She is also passionate about advancing the field of fashion studies, and in 2013, co-founded the London-based Fashion Research Network, a platform for the work of early-career interdisciplinary researchers. It is also a space to widen definitions of fashion and thus approaches to its study, notably via symposia on themes such as, “Curative Things: Medicine/Fashion/Art,” “Fashion Unraveled: Memory, Wear and Imperfection in Dress,” and “Documenting Fashion: Re-thinking the Experience and Representation of Dress.”
What attracted you to the BGC’s program?
I was a graduate student in Paris studying art history when I saw an exhibition of fashion and art objects which stood out from shows I had seen until then. It made me really question what I was looking at, and connect with the work on display. One of those “aha” moments. It also occurred to me that I often chose design and decorative arts topics to pursue within art history (and the human, micro narratives they illuminate) so I was attracted to the BGC as it offered the chance to study dress as one signifying element of material culture. I had always connected to fashion aesthetically, and had that interest, but I didn’t realize until I was well into my studies at the BGC that dress, pictured prevalently and worn close to the body, is a powerful tool to understand our material, visual and social relationships with the wider world, and ourselves.
What was your focus of study here, how did you find yourself involved with it?
As noted, I knew coming into the program that dress was my main interest, and with Michele Majer as my supervisor, settled quite happily into studying it in various historical and cultural contexts. External courses at the Cooper-Hewitt and Library for the Performing Arts (NYPL), and access to archives throughout Manhattan and abroad, broadened this questioning. And through a curatorial internship at the Museum of the City of New York under Phyllis Magidson, I learned to dress mannequins for exhibitions and to handle and store textiles in an archive.
Describe your position and how you came to it. What sort of projects are you working on?
Through a postdoctoral fellowship at The Met’s Costume Institute, I have the luxury of devoting the year to a new research project, Dialectics of Making and Wearing: Exploring Sportswear, Image and Women in the 1970s, which foregrounds the female designer-wearer relationship and explores women’s material and visual experience of dress during the 1970s, a historical moment of heightened awareness of their political and social states, and a shift into postmodern modes of imagemaking.
Its methodological framework, the cross-analysis of garment, image and oral history, correlates directly to my PhD research, on the readymade clothing industry in relation to France’s project of postwar modernization, conceptions of national identity, and women’s lives. This work broke away from the majority of scholarship on French dress that privileges elite production over the study of dress in social, cultural and gender contexts.

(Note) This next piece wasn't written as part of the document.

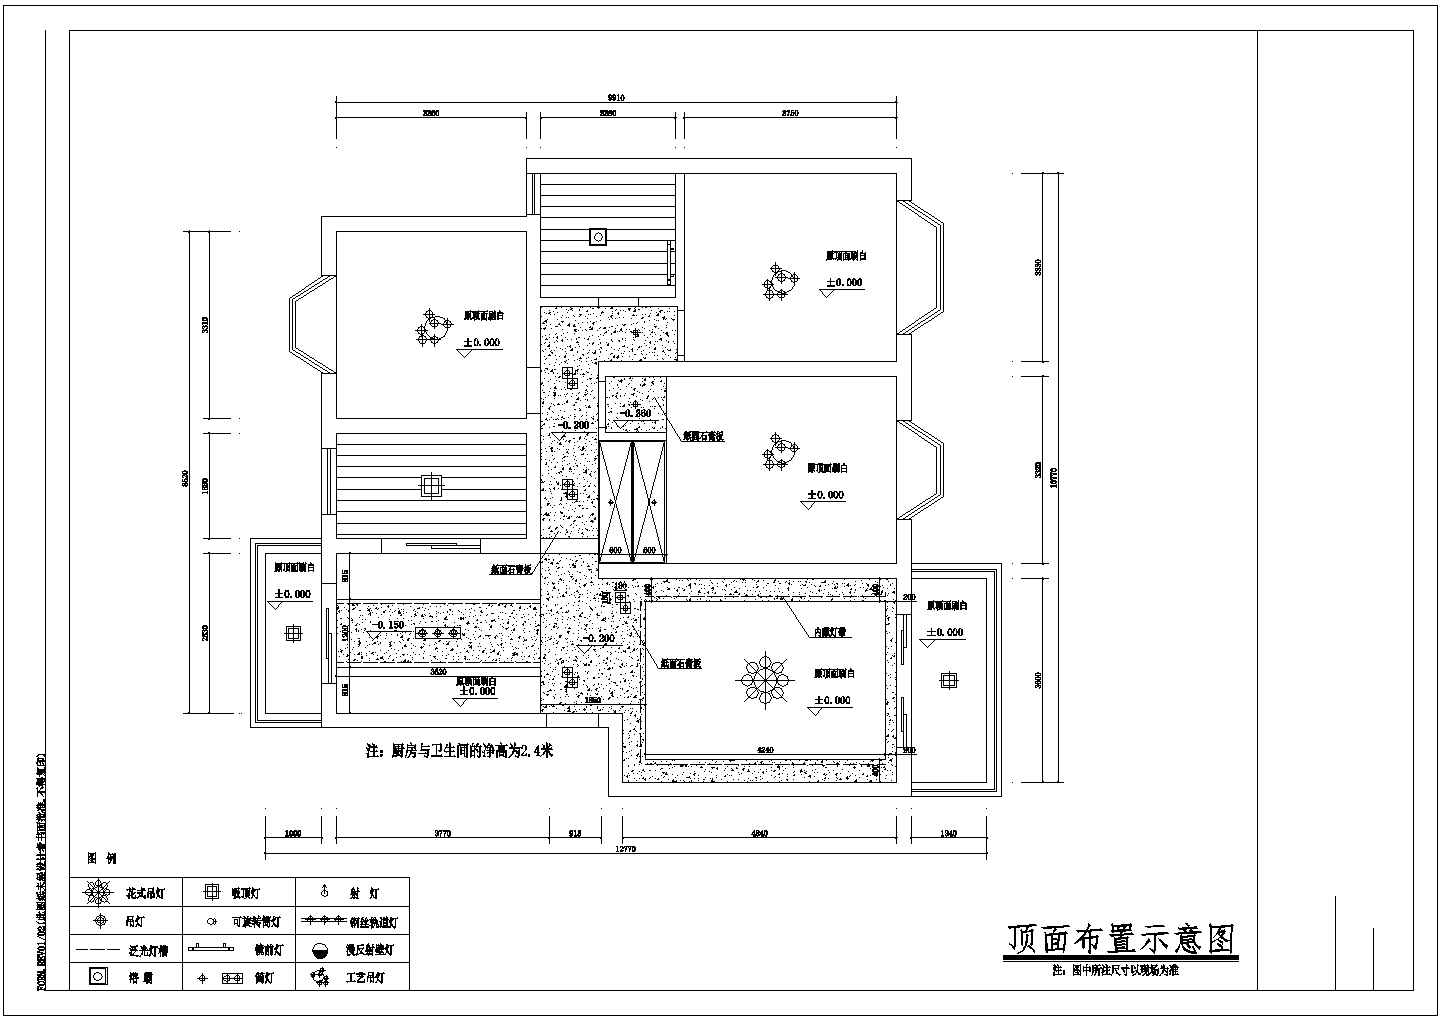 上海金文有限公司在科技园人才公寓室内家居装修设计方案cad施工图

In conducting consumer interviews for that research I realized their potential for reframing history around the subjective experiences of women. So I am leaning more heavily on this methodology for my project at The Met. Women’s testimony adds information on the embodied self as it relates to archive research and image analysis, which I am finding fascinating when read alongside new definitions of gender and the politics of appearance during feminism’s “second wave.”
More broadly, uncovering new voices and perspectives has been central to my research practice, and aim to broaden fashion authorship to include a diverse group of practitioner-wearers. My new project has sought specifically to challenge hierarchies in design which proliferate in museum collections, but this also touches on my work as an educator. In particular, I designed an undergraduate class for Parsons in 2018, “History of 20th-century ready-to-wear,” which teaches dress history not through the lens of elitist haute couture, but of more accessible readymade clothing. This year, though, I am infinitely enjoying discussing these ideas with new colleagues at the CI, hearing first-hand testimony of “narrators” (or the consumers, shop owners, photographers, designers and others who made up the fashion landscape of the 1970s), and working in all sorts of wonderful dress archives.
How has your experience at BGC helped your career?
The friendships and contacts (in New York and beyond) stemming from my time at the BGC are still very present in most areas of my work. And it continues to offer professional support, most recently with the opportunity to organize and chair a panel discussion on “Fashion and Suffrage” in late 2019. Individual threads of my practice – how to research in an archive, how to “look” at an object and reframe it through research and writing – were sewn at the BGC, when I began to shape my own approach to everyday dress. After all, research for my MA thesis became the foundation for my PhD dissertation, and my first book…. to be published by Bloomsbury later this year!